When there is a high level of trust in a relationship, both parties are often willing to negotiating a genuinely win-win deal. A deal where the seller can still make a profit and where the buyer can know or at least expect that their needs and wants will be taken care of as agreed. When there is low trust, it's everyone for themselves - self-serving, self-defeating attitudes, behaviour and communication. See my previous article about buying a car and relating the tactics back to the workplace.
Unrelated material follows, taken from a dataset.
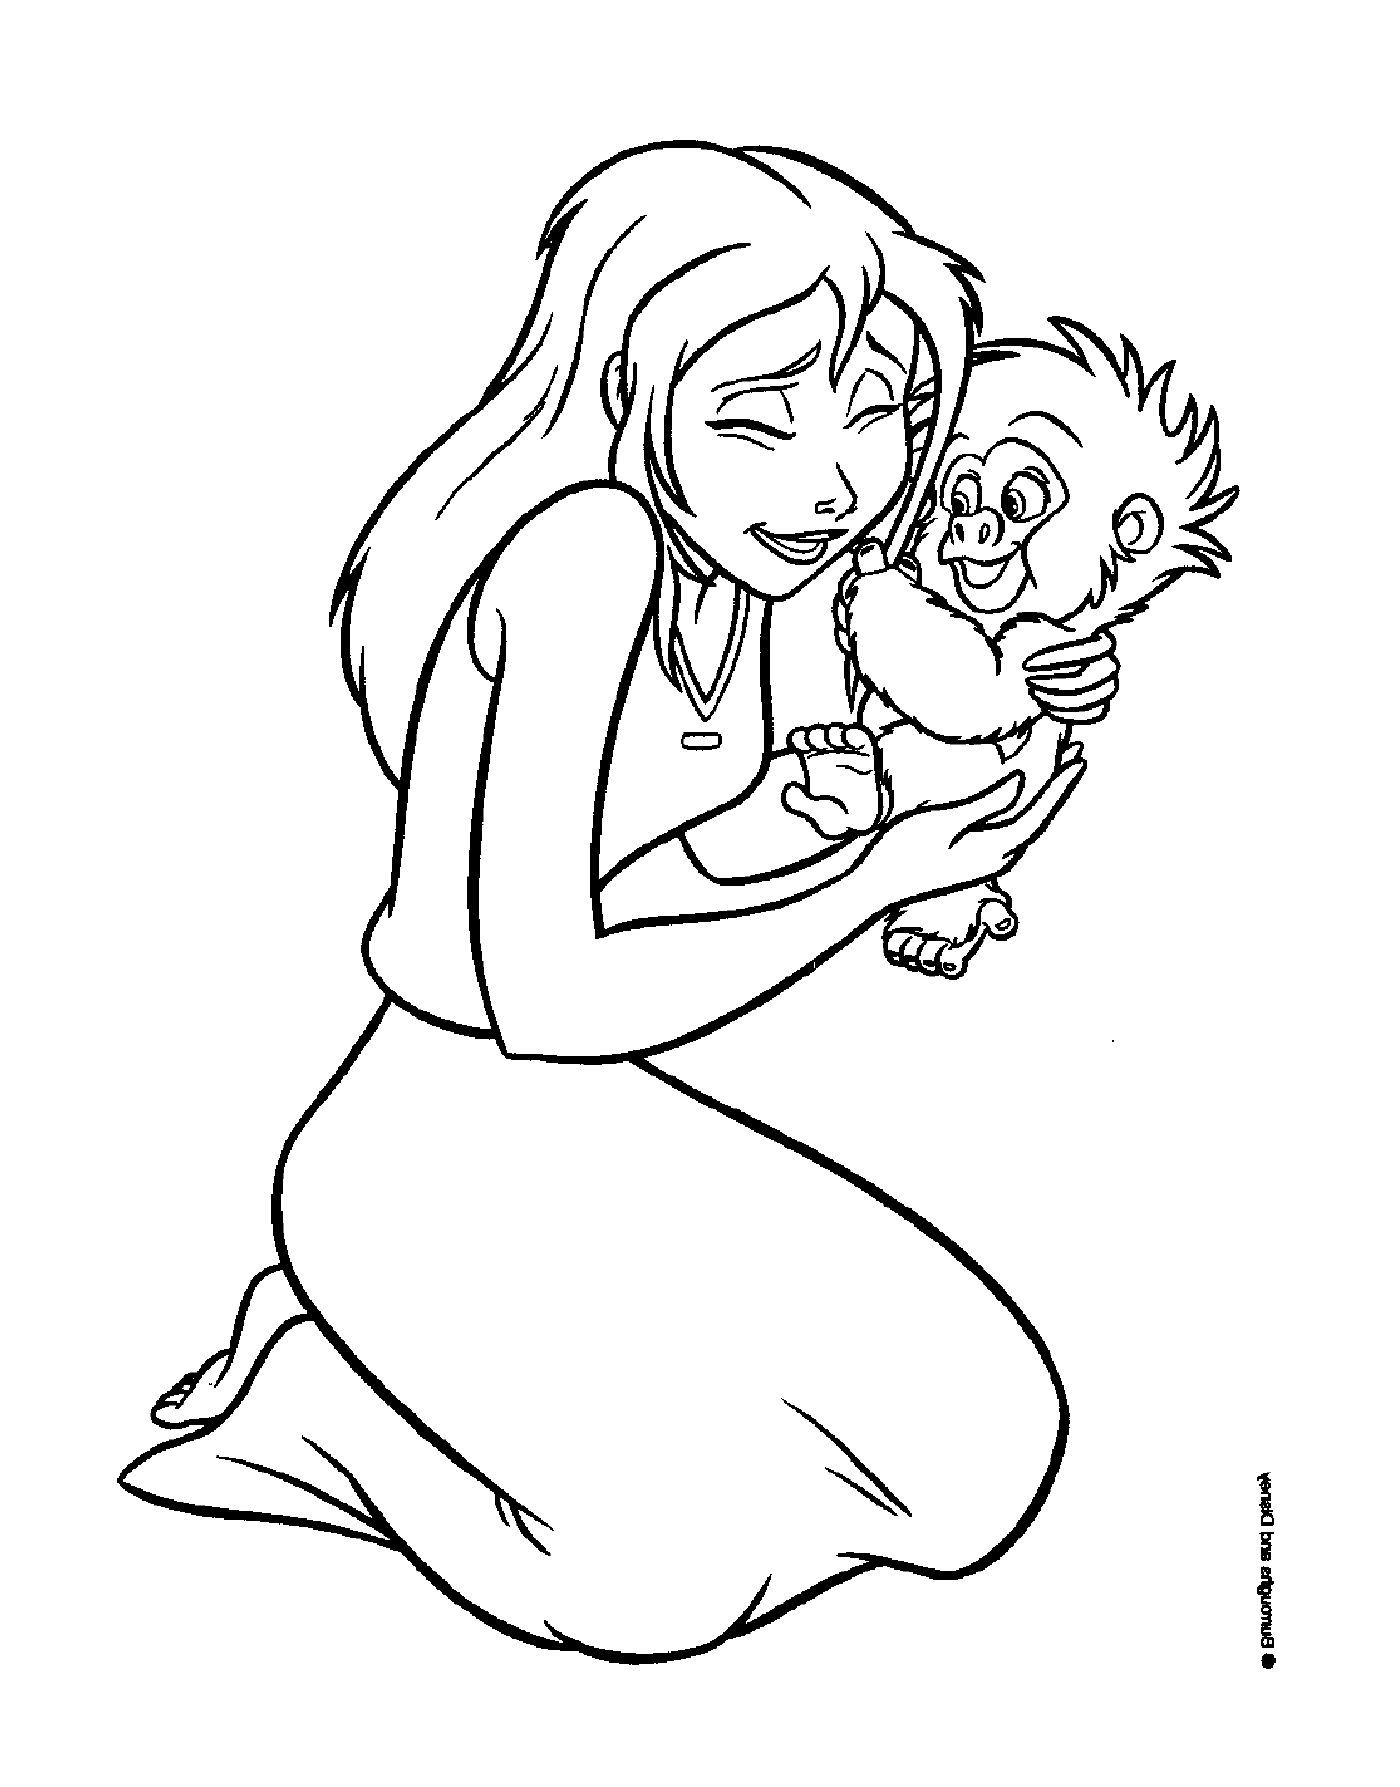  Woman holding a baby monkey in her arms

The moral of this story for the workplace? Don't get excited too soon, remain calm and seek to understand as much of the detail as possible. Always keep a win-win mentality very much in mind, help set a context so that all parties can negotiate openly and honestly to achieve what needs to be achieved and to deliver what needs to be delivered - to the standards required. Get the best deal you can, but not at the expense of losing trust and causing toxic relationships.

The long-term challenges faced by nationals of Northern Ireland were eventually progressed because the concept of win-win, letting go of the past upset/anger and resentment and focusing on how to negotiate for the future benefit of its people won over blaming each other and living in the past. Remember, the good thing about the past is, it's over. The bad thing about the future is, many people just expect it to be something other than brilliant. It's that very thought that stops it from being as wonderful as it can be.

How are the levels of collaboration and trust in your team? What steps can you take to improve relationships so that when you do need to negotiate, the relationship is solid and based on mutual respect and integrity? Do share.